The two other barks that I use are mulitphonic fingerings without the extra notes.

  • The first one is a bluesy Bb: Finger a Eb with the octave key and without your G key. Relax and tighten your embouchure slowly as you blow, actually it's more of a dropping of the jaw. You'll notice that you'll hear a Bb alternating with the G below it. By rapidly and drastically tightening and loosening your chops a minor third shake can be created. Start very slow at first and then faster as you get the hang of it. Phil Woods uses this one a lot, it has a very distinctive bluesy sound. You can use just the top note (Bb) without the shake also, this gives an extra low pitch that woofs. It's great for a Blue seventh or third (the extra flatted 7th really comes from the 7th overtone).
  • The second one is a bluesy G: This one is the same idea as the last one but on a different note. Finger a low C plus the octave key and without the F key (index finger of the right hand). Try the same thing with your chops as above. You can also get a nice multiphonic with this fingering in the lower octave. Take off the octave key and just relax and blow, a full three note multiphonic should come out.
The way to master these techniques is by practicing overtones. Here are the overtone exercises that Joe Viola gave me. These aren't as extreme as the Sigard Rascher 'Top Tones' exercises and much more practical with a normal saxophone setup. Rascher's school used large bore Buscher horns with very specific mouthpieces and reeds. Joe V told me that those guys all had raunchy sounds anyway. Once you can pop out the various overtones for use to as alternate fingerings, to drastically change timbre. Sit. Lie down. Stay. Speak!


Anonymous said...

There's a guy in L.A. named Joshua Spielman who's heavily into multiphonics. He often plays with singer Dwight Trible. Think "the creator has a master plan" era Pharoah. I find that, as a listener, I enjoy multiphonics only if they're invested with a lost of soul - also prefererably lots of control - and Josh has both. Another guy who I think uses them especially effectively is Arthur Blythe. Neither of these is a bop player.

Anonymous said...

oops, meant Spiegelman.

David Carlos Valdez said...

What works for Bert doesn't work for other players. He has his own style that can't (and shouldn't) be copied. His students sound the best when they don't try to sound exactly like him, like Olympia saxophonist Dan Blunk.

It's hard (almost impossible really) to use multiphonics tastefully, as Chicklit says. Gross comes about the closest to doing it. He uses more alternate fingerings than multiphonics though. He's constantly changing his shading and intonation subtle ways. I'm sure to an untrained ear he sounds like he's just playing out of tune some of the time. It's really very expressive to the trained ear.

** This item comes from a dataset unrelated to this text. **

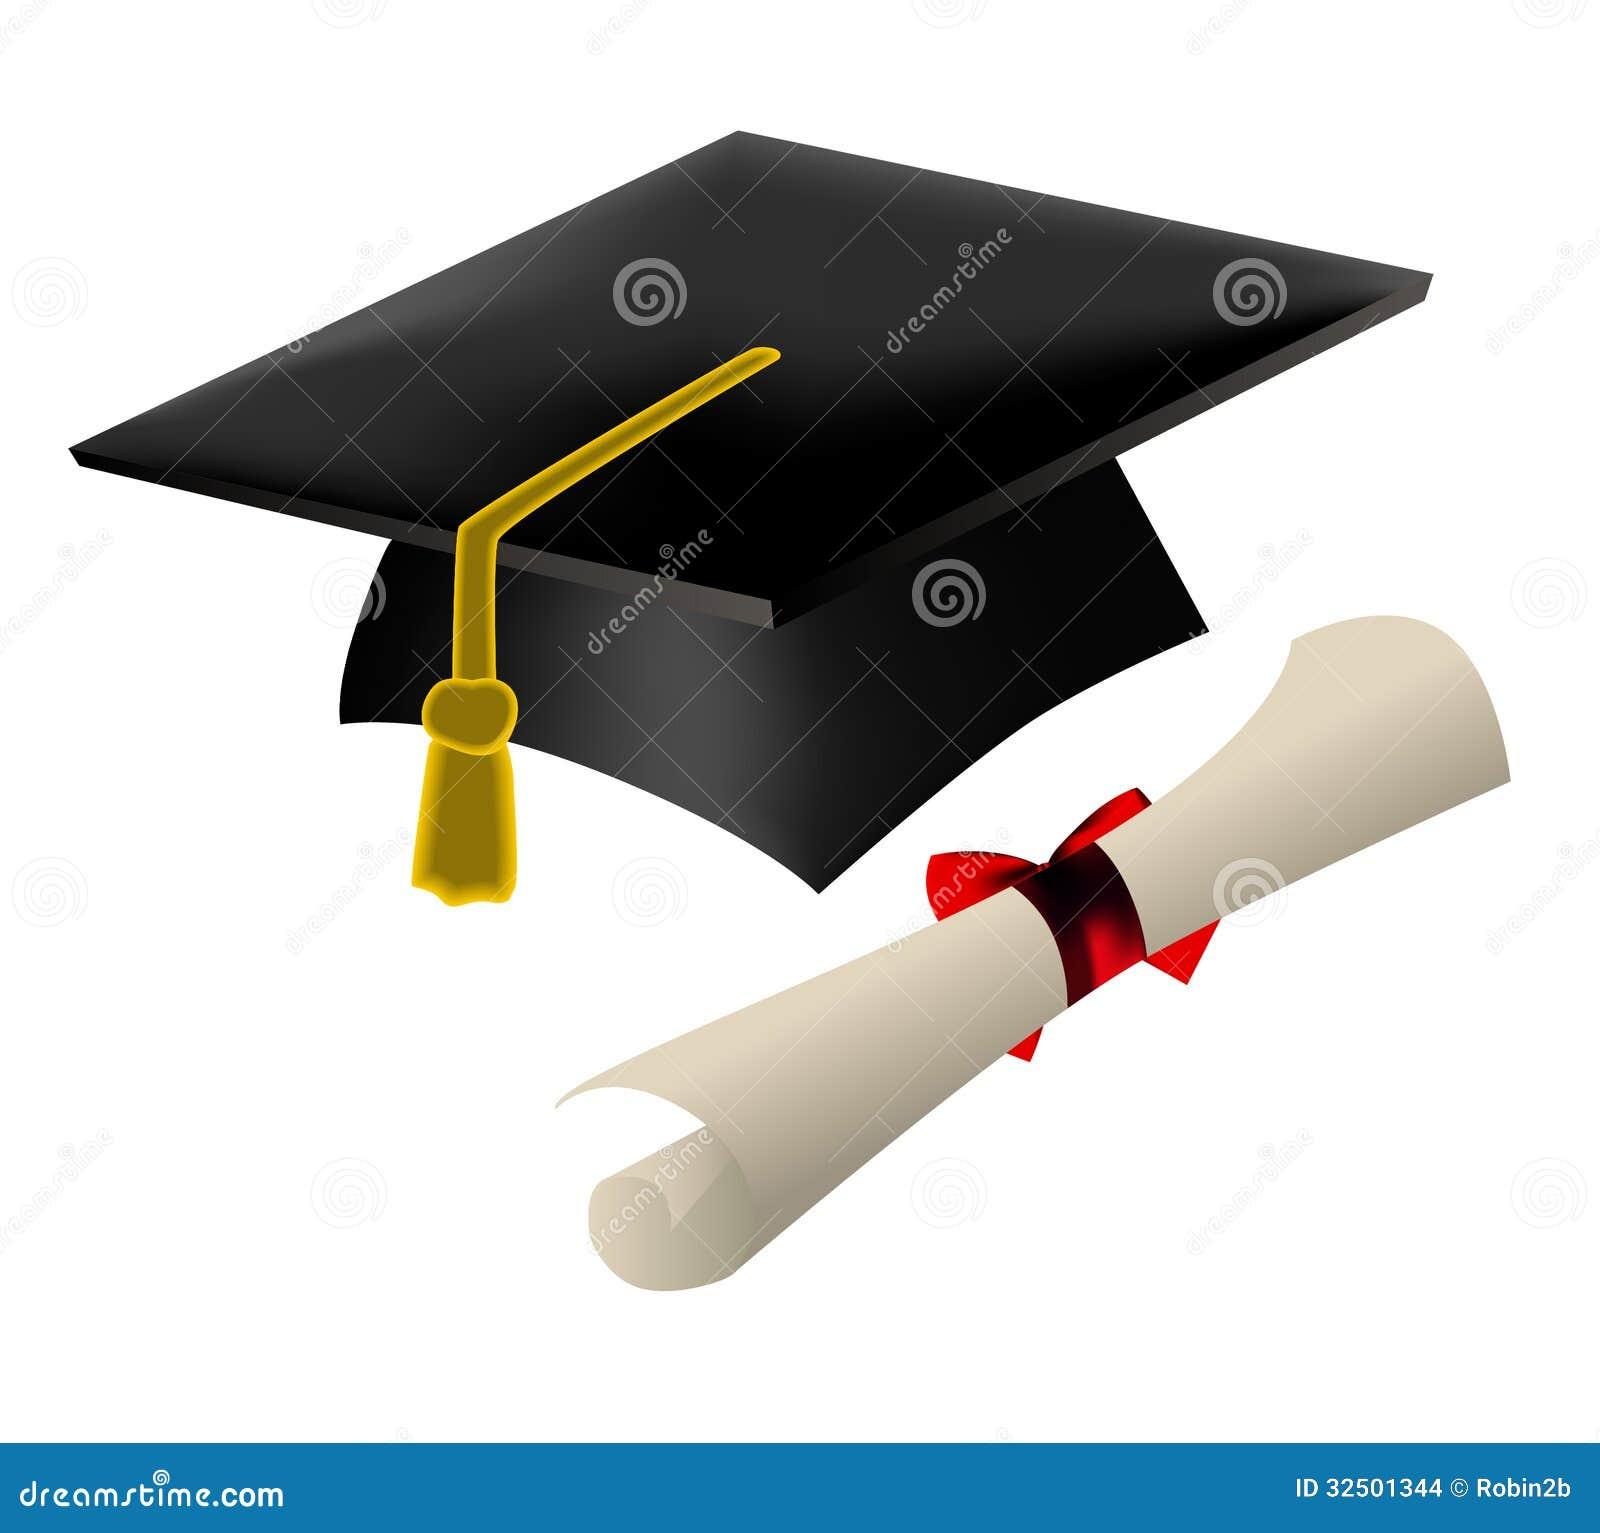 graduation cap and diploma illustration background mr no pr no 2 1970 ...
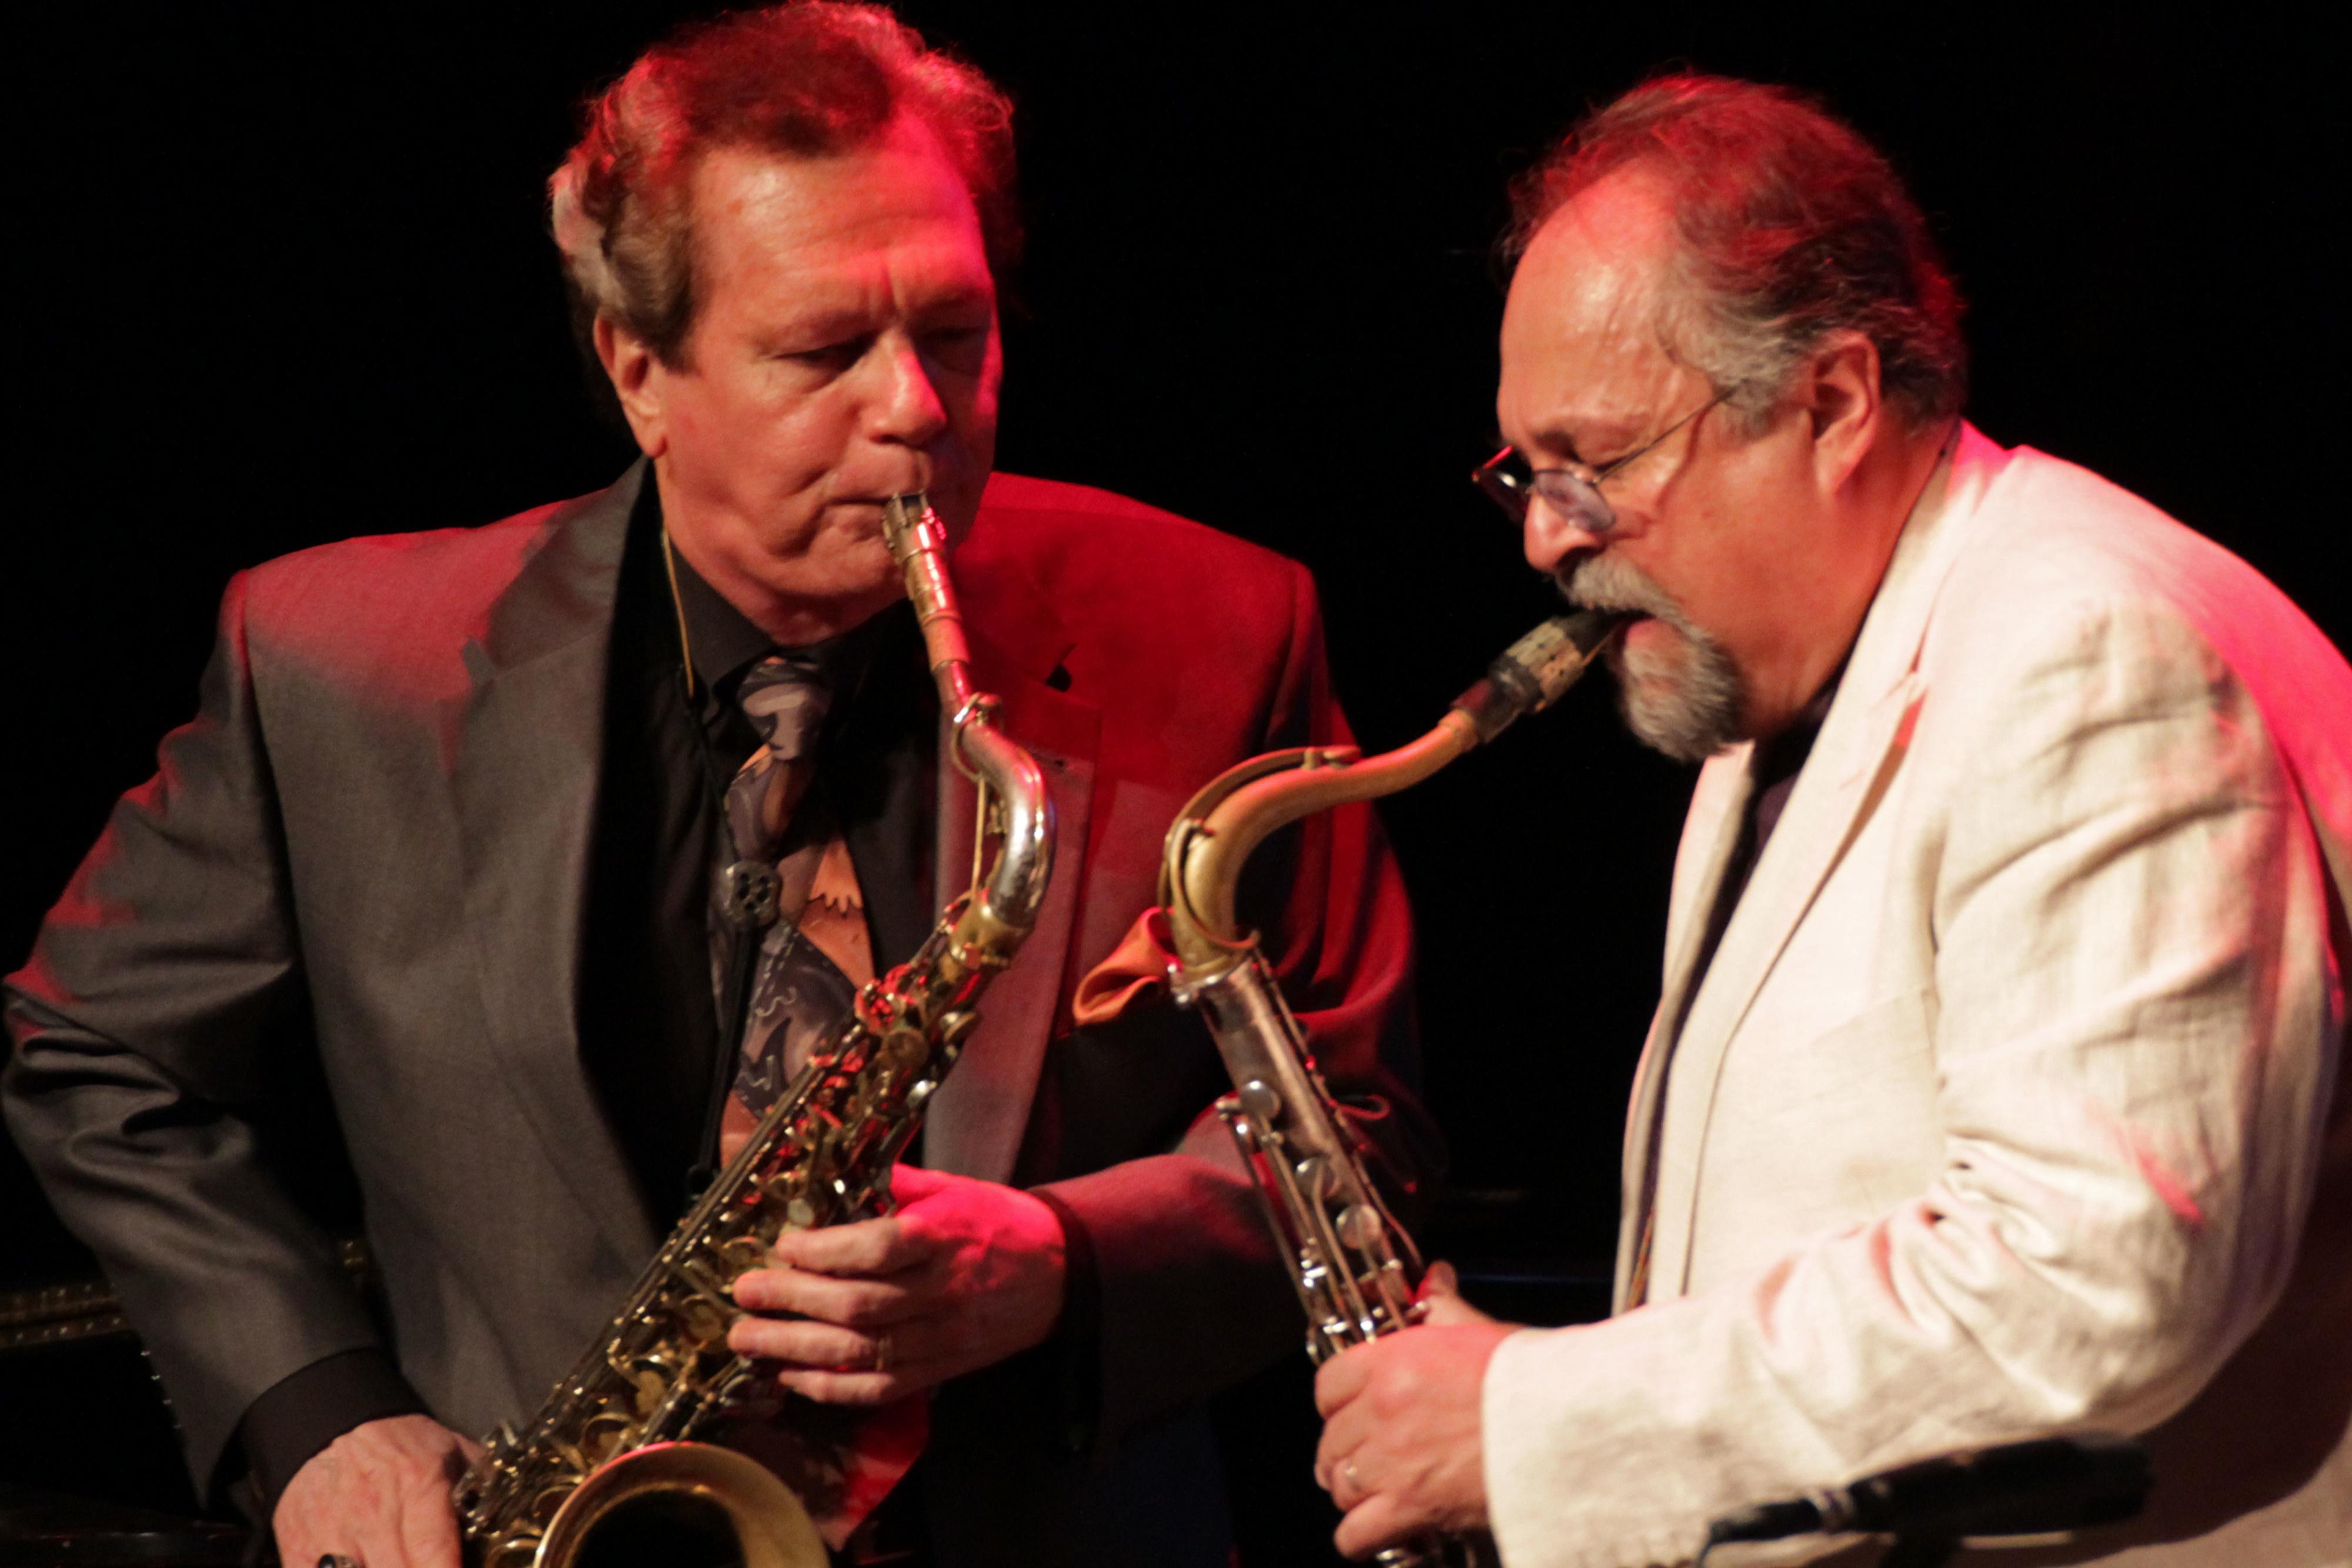 Ernie krivda and joe lovano at tri-c jazzfest cleveland 2013

The saxophone has so many keys that every note has many different fingerings. They aren't all in tune, but each one has a different timbre. Joe Viola was really the master of these fingerings. He taught me many alternate fingerings for different playing situations (not that I remember them all)xp. Joe V didn't use these fingerings as effects. Instead he used them to play in tune with other instruments. For example, he would play high C (not altissimo) with the first two fingers of his right added (F and E keys) to bring the pitch down when he was playing with trumpets. He knew not only the intonation tendencies of every note on every saxophone, but the tendencies of every other instrument as well. He would make fingering adjustments depending on which instruments or individuals he happened to be playing with at any given moment. He was a true master of ensemble playing.

Anonymous said...

yo man, I love what I've learned from students of joe v but you may want to check the rascher guys out further.
this is from a prominent student of rascher's and is absolutely ridiculous to me.

also, re multiphonics: ever heard john butcher?

David Carlos Valdez said...

Yes, Harry White sound beautiful. Thanks for that.